2. Ufuncs: If the ``ALIGNED`` flag of an array is False, ufuncs will
   buffer/cast the array before evaluation. This is needed since ufunc inner
   loops access raw elements directly, which might fail on some archs if the
   elements are not true-aligned.
3. Getitem/setitem/copyswap function: Similar to ufuncs, these functions
   generally have two code paths. If ``ALIGNED`` is False they will
   use a code path that buffers the arguments so they are true-aligned.

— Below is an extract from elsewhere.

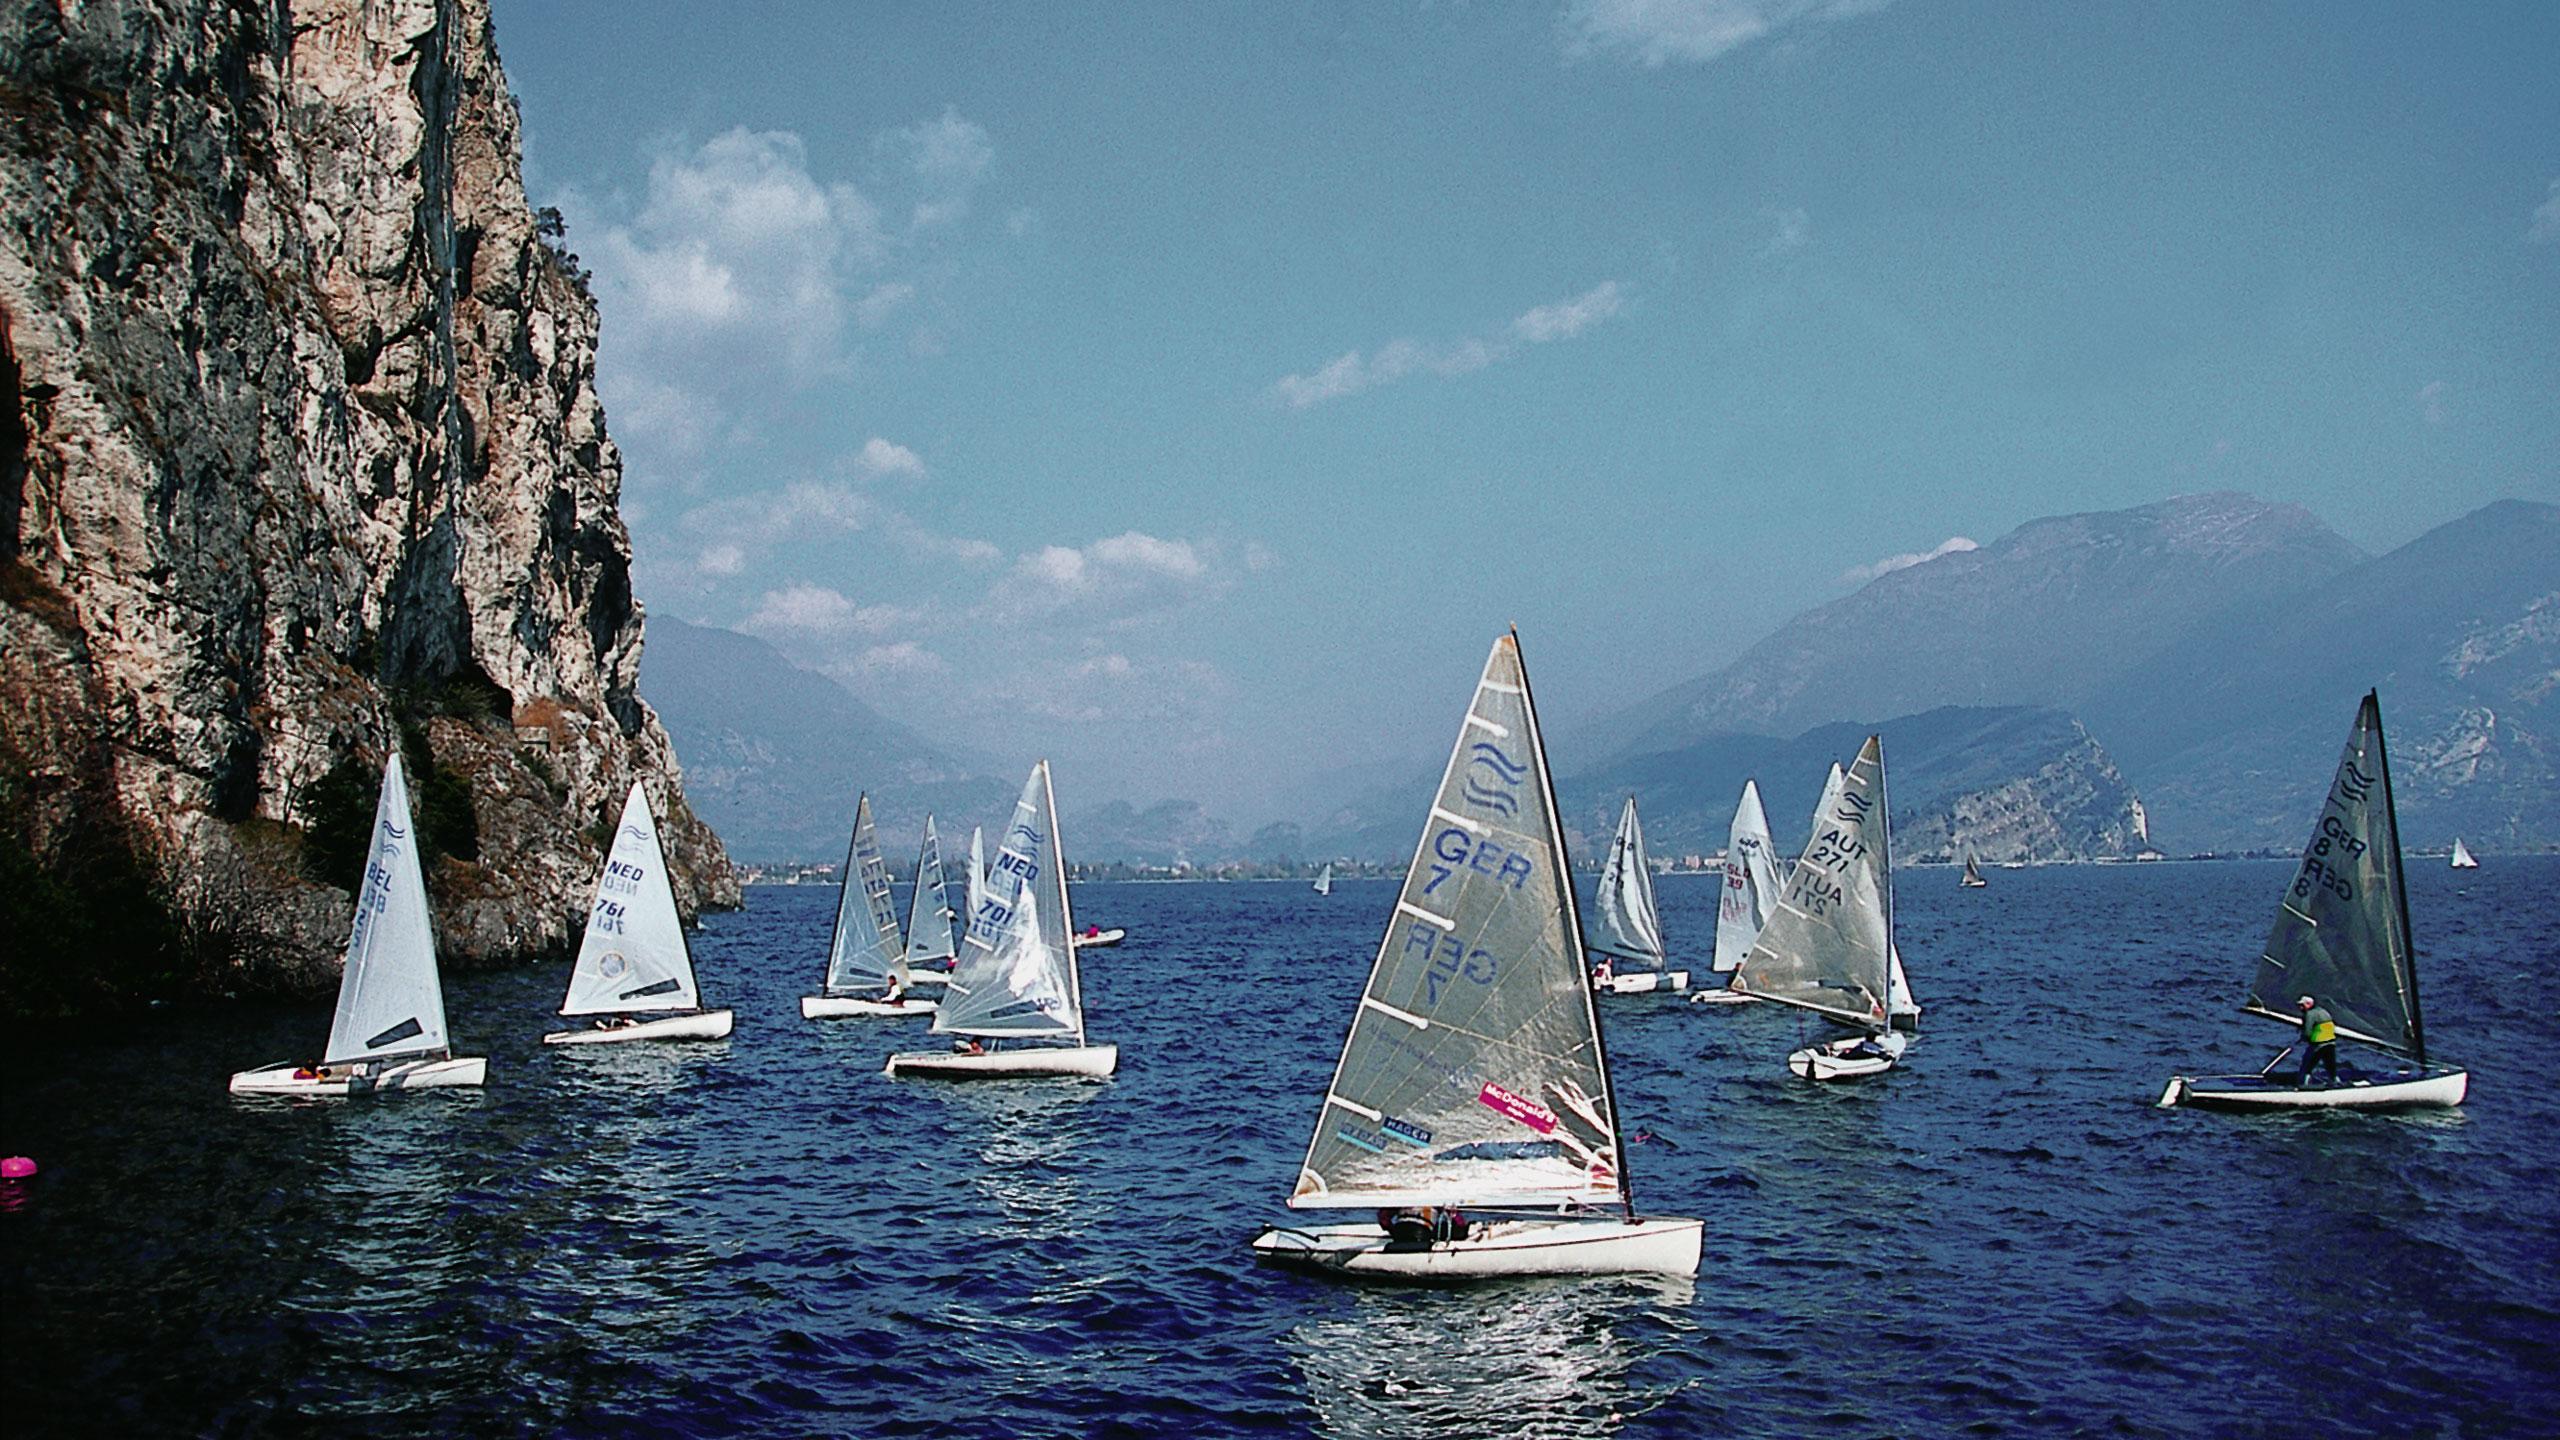 Parc Hotels Italia & Resorts nad Jeziorem Garda

4. Strided copy code: Here, "uint alignment" is used instead.  If the itemsize
   of an array is equal to 1, 2, 4, 8 or 16 bytes and the array is uint
   aligned then instead NumPy will do ``*(uintN*)dst) = *(uintN*)src)`` for
   appropriate N. Otherwise, NumPy copies by doing ``memcpy(dst, src, N)``.
5. Nditer code: Since this often calls the strided copy code, it must
   check for "uint alignment".
6. Cast code: This checks for "true" alignment, as it does
   ``*dst = CASTFUNC(*src)`` if aligned. Otherwise, it does
   ``memmove(srcval, src); dstval = CASTFUNC(srcval); memmove(dst, dstval)``
   where dstval/srcval are aligned.

Note that the strided-copy and strided-cast code are deeply intertwined and so
any arrays being processed by them must be both uint and true aligned, even
though the copy-code only needs uint alignment and the cast code only true
alignment.  If there is ever a big rewrite of this code it would be good to
allow them to use different alignments.